__What to do__: Copy out the listing that follows exactly, dropping every picture.

__Dataset section__:
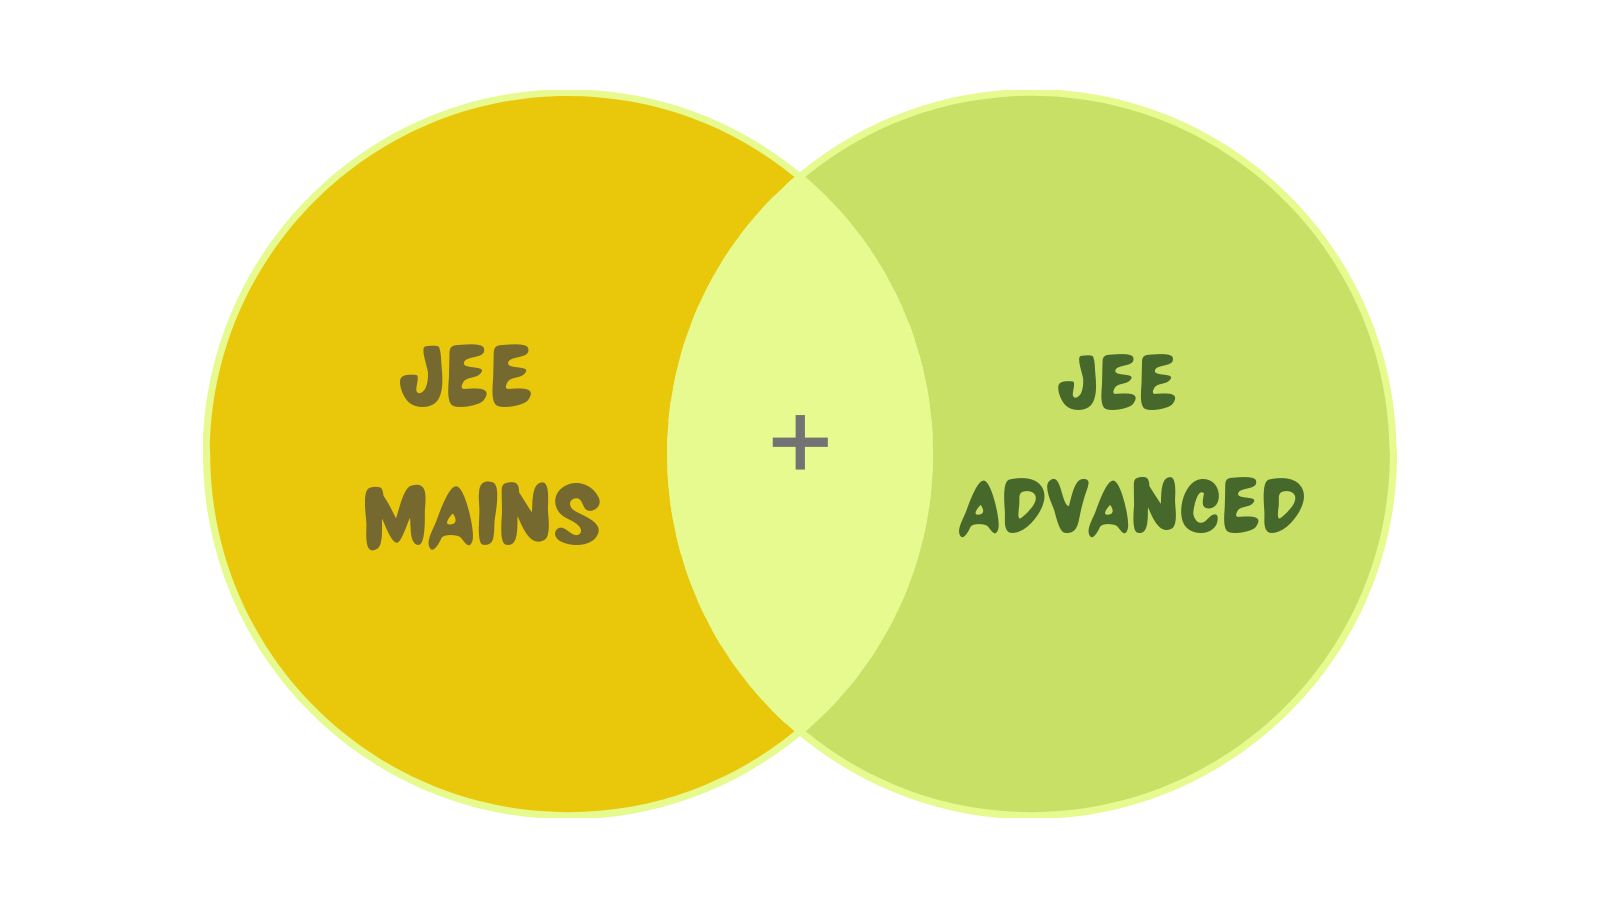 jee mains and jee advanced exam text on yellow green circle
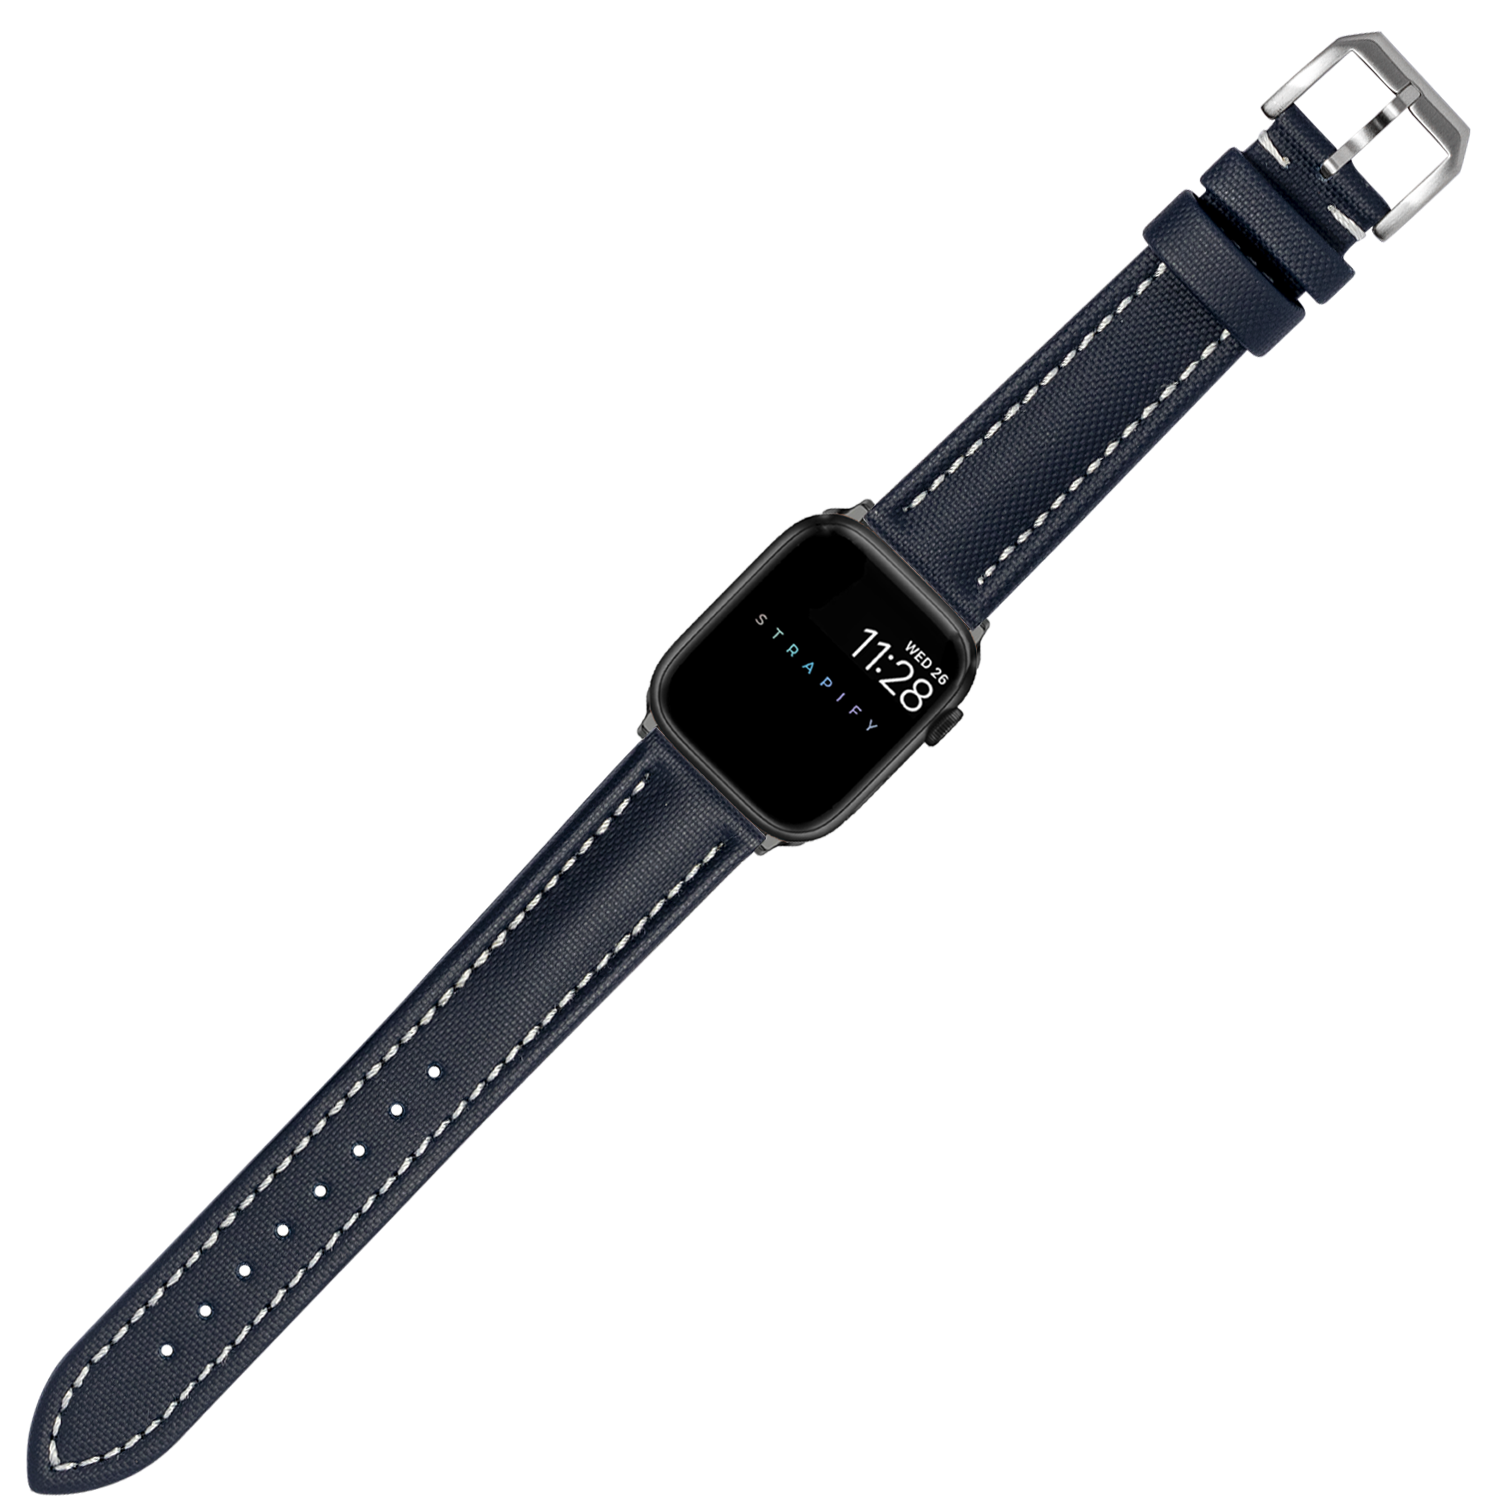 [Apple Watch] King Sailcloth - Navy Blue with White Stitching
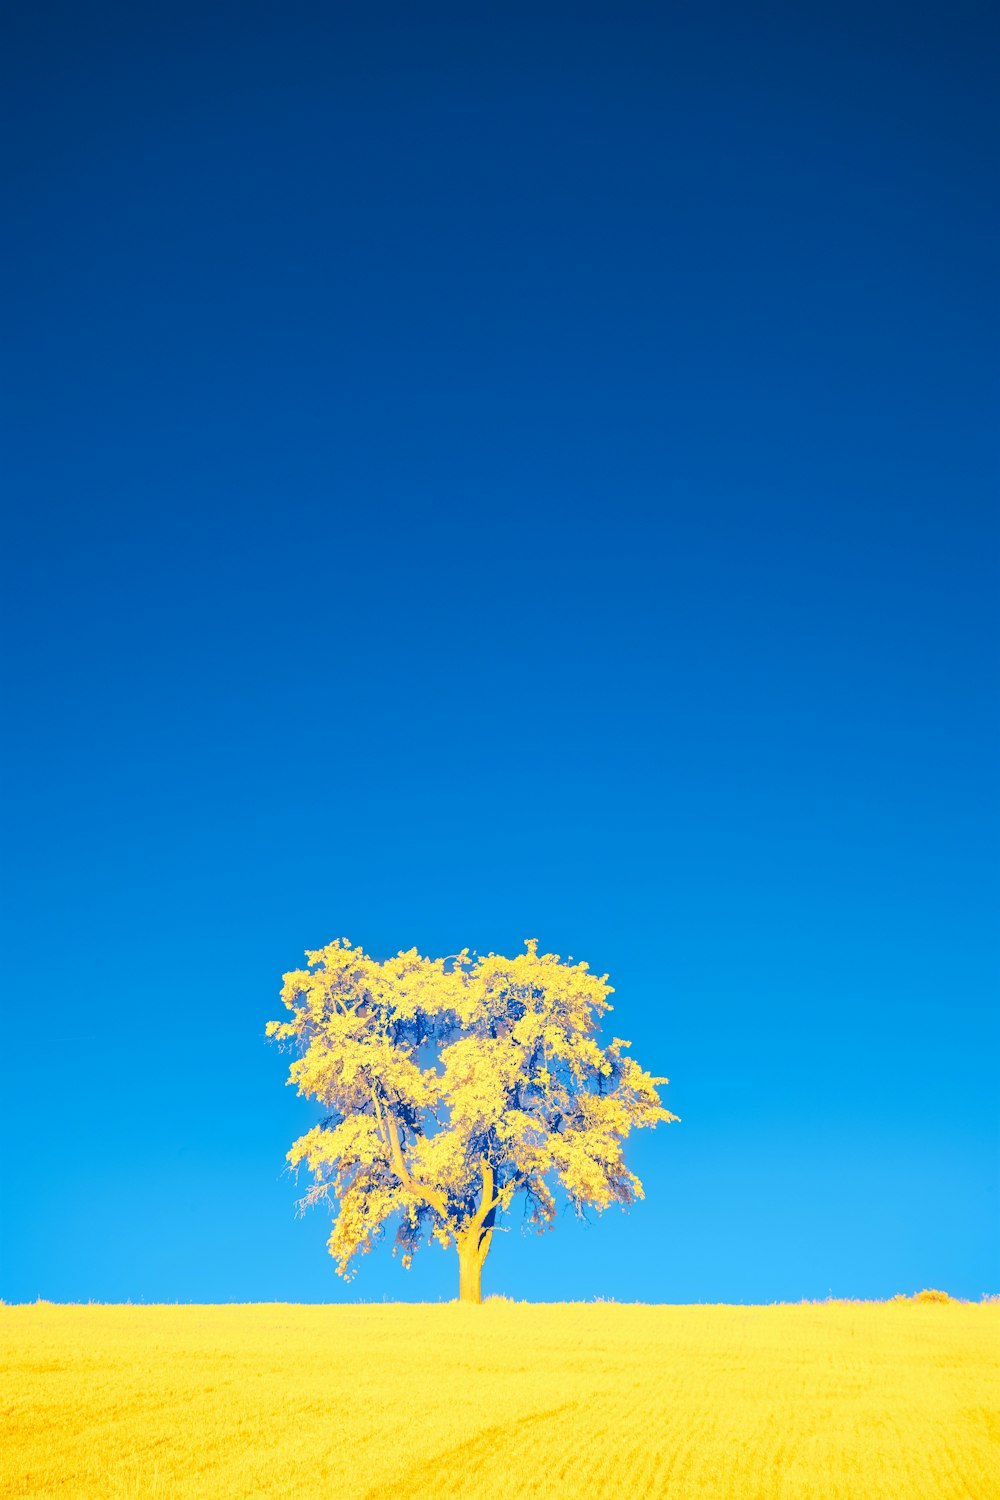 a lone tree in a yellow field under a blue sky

__Answer to this exercise__:
 jee mains and jee advanced exam text on yellow green circle
 [Apple Watch] King Sailcloth - Navy Blue with White Stitching
 a lone tree in a yellow field under a blue sky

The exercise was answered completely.